I’ve also watched some literary adaptations in recent months (streaming services being another godsend during lockdown). These have included Normal People and the BBC’s Pride and Prejudice. I’m also hoping to watch the movie adaptation of Cormac McCarthy’s The Road before my free Stan trial expires.

The live event of the year for me happened just before the lockdown – Margaret Atwood’s live show in Melbourne. I absolutely loved seeing Atwood, flanked by some of my best bookish friends, in a room full of similarly adoring fans.

Here are my top reads (and listens) for the first half of this strange year.

Too Much Lip by Melissa Lucashenko

This book was a real game changer for me. I felt it was utterly believable, with beautiful language and a story that opened my eyes to Indigenous issues in a way that wasn’t at all preachy.

So far, it’s my favourite of the year.

Harry Potter (books 1-5) by JK Rowling

There might have been a lot wrong with the first six months of 2020, but it has been the year that I’ve had the experience of reading Harry Potter. It makes me excited to be living at the same time as a writer of such genius.

The Nickel Boys by Colson Whitehead

My first audiobook, this was an ideal way to start listening to books. The stories of boys who were sent to a cruel and violent remand home in the US were heartbreaking, and while this is a work of fiction, it is clear that it was inspired by a dark history.

The Trauma Cleaner by Sarah Krasnostein

The Trauma Cleaner was another book that helped me see the world and a community differently. The story of Sandra, a transsexual trauma cleaner was told sensitively by Sarah Krasnostein, and it was hard not to feel a sense of affection for this flawed survivor.

Mothering Sunday by Graham Swift

This novella was gorgeous in its telling of a day in the life of a maid in post-World War I England.
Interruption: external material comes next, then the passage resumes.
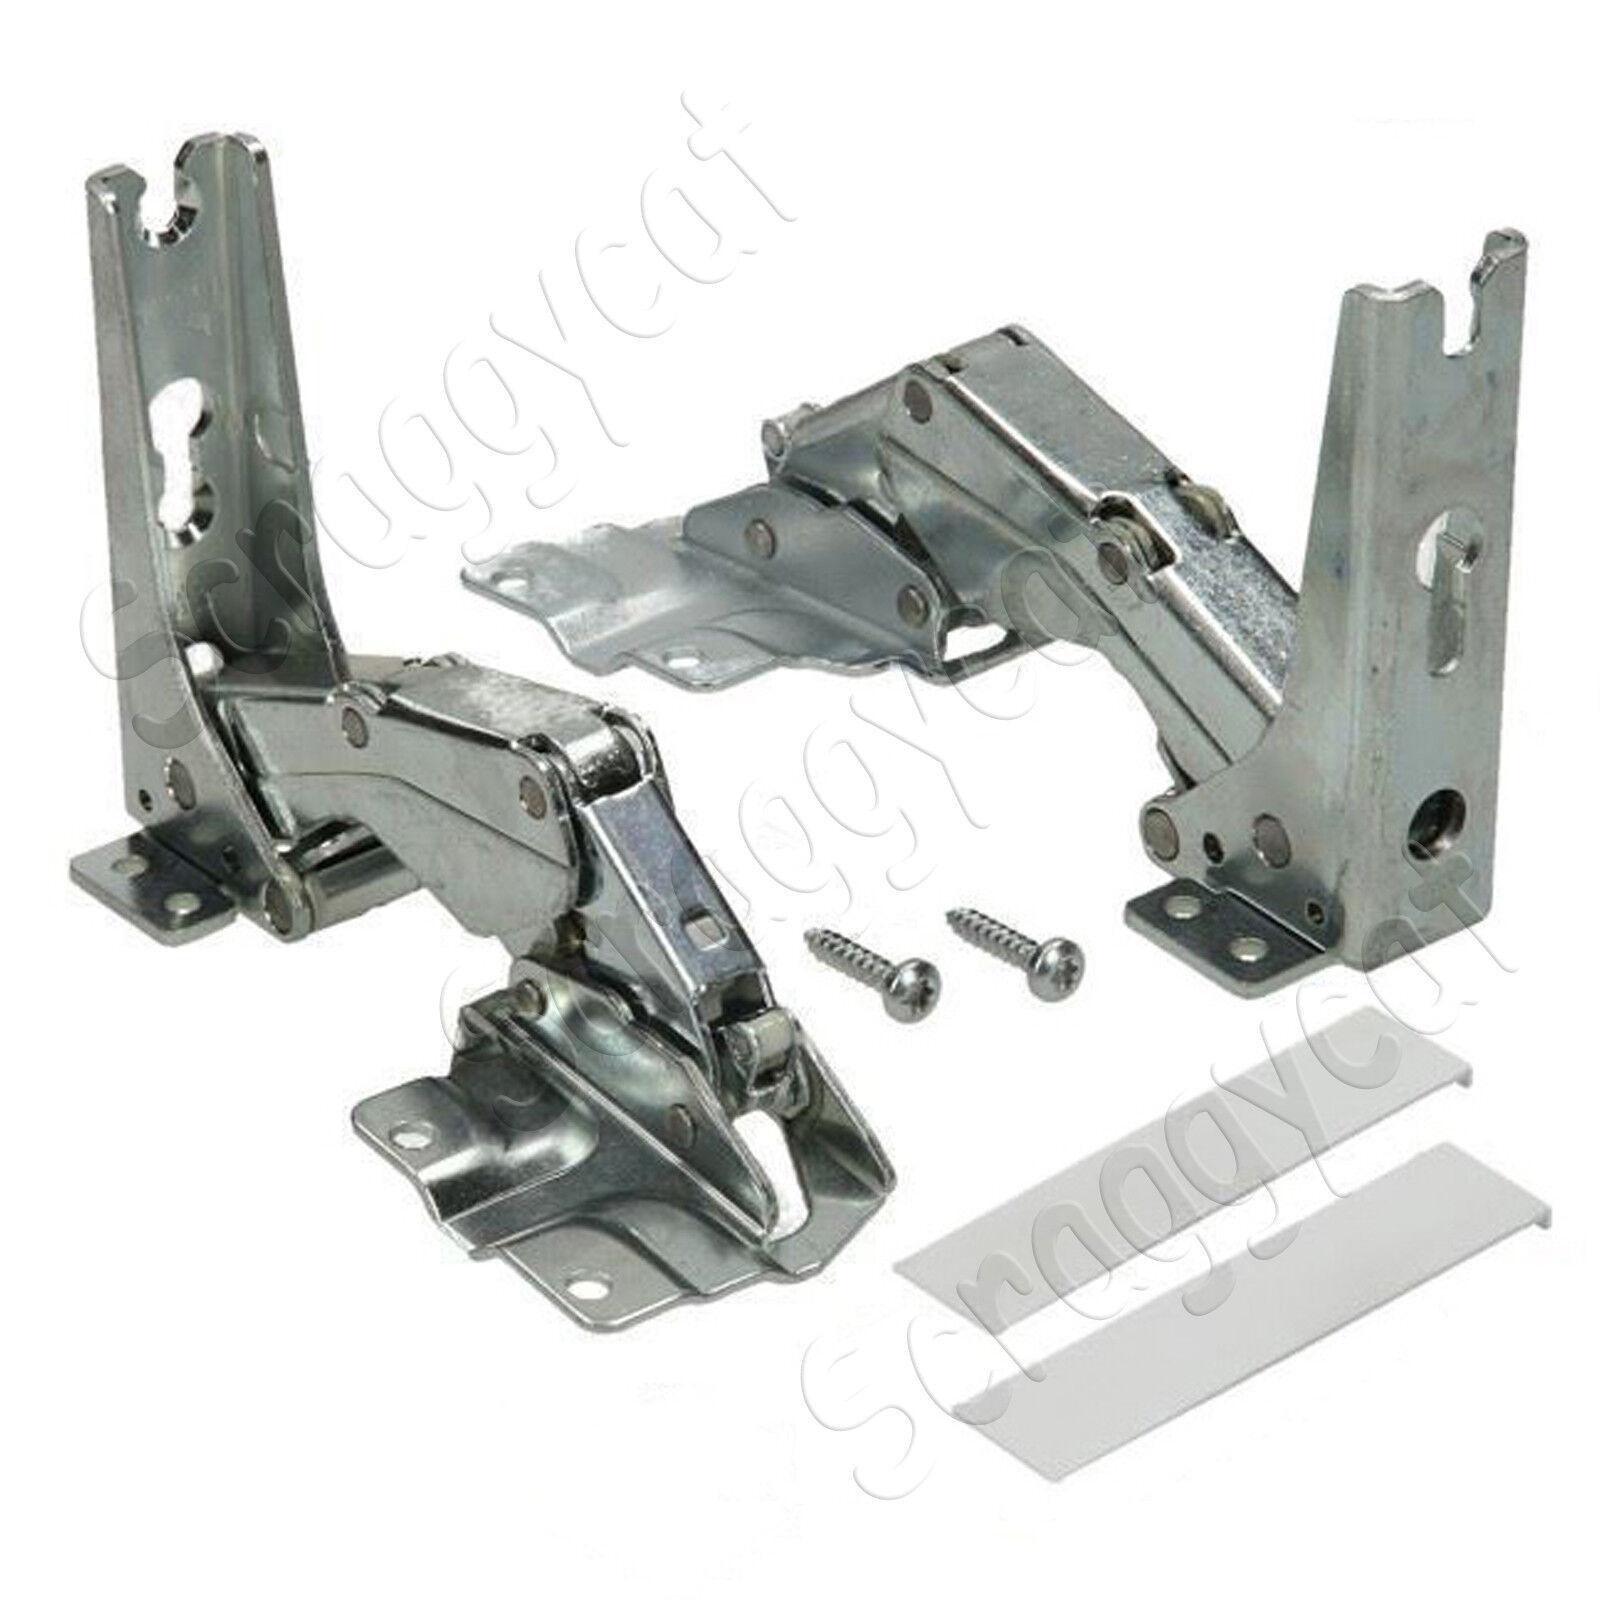 2 Hinges For Bosch Neff Siemens Integrated Fridge Freezer 481147 Left or Right

The family Jane Fairchild works for is about to be changed forever, but mostly, the novel is set in the warm, sunny day before tragedy strikes. It is a short, sensual read in which it is easy to get lost.

The Erratics by Vicki Laveau Harvie

I’m not sure if it was Laveau Harvie’s grainy and thin voice reading her story, but somehow, I felt familiar with the family of which she writes. The author recounts her return to her native Canada where her father is dying, held almost as a prisoner by her mother. It is a situation that is fascinating, but recounted with calm and unexpected humour by a daughter who often seems bemused by the behaviour of a distant and cruel mother.

City of Girls by Elizabeth Gilbert

City of Girls was great fun. I never read Eat Pray Love, feeling that it would be in some way flimsy. However, I couldn’t resist this romp through pre and post-war New York, and after having read it, I think I probably underestimated Elizabeth Gilbert’s previous work. I loved reading about the exploits of Vivvie when she arrived in a huge and thrilling city, through her banishment, and her return to her true love – New York City.

Such a Fun Age by Kiley Reid

Such a Fun Age is a book about race in which racism is subtle and casual. The story begins as a black babysitter is approached by a security guard, concerned that she is out at a grocery store with her white charge. The relationship between the babysitter and the child’s mother highlighted issues not just of race, but also of class, age, and power.

Pride and Prejudice by Jane Austen

Reading a classic is an excellent reminder of why certain books retain their position in the literary canon, and that is certainly true of Pride and Prejudice. Jane Austen seemed to be before her time in writing about the vagaries of love and marriage  – or perhaps she is of all time.

Wuthering Heights by Emily Bronte

Wuthering Heights was definitely not the book I expected it to be, but I think that’s why I liked it so much. Far from being a romance, Bronte’s most famous novel was unrelentingly dark, just like its main character, Heathcliff. I kept expecting a glimmer of light to shine through, and in a way it did in the beautiful landscape where the book is set, but ultimately, there is little relieve from the cruelty. Sometimes, I hated it, but I could never put it down.

My Sister, the Serial Killer by Oyinkan Braithwaite

The story of the sisters in My Sister, the Serial Killer is told with a light touch that is surprising, given the book’s title. I came to the story knowing little about the plot, and so I enjoyed the way Oyinkan Braithwaite defied expectations in writing about a vain and destructive woman, and her sister who is always called in to pick up the pieces.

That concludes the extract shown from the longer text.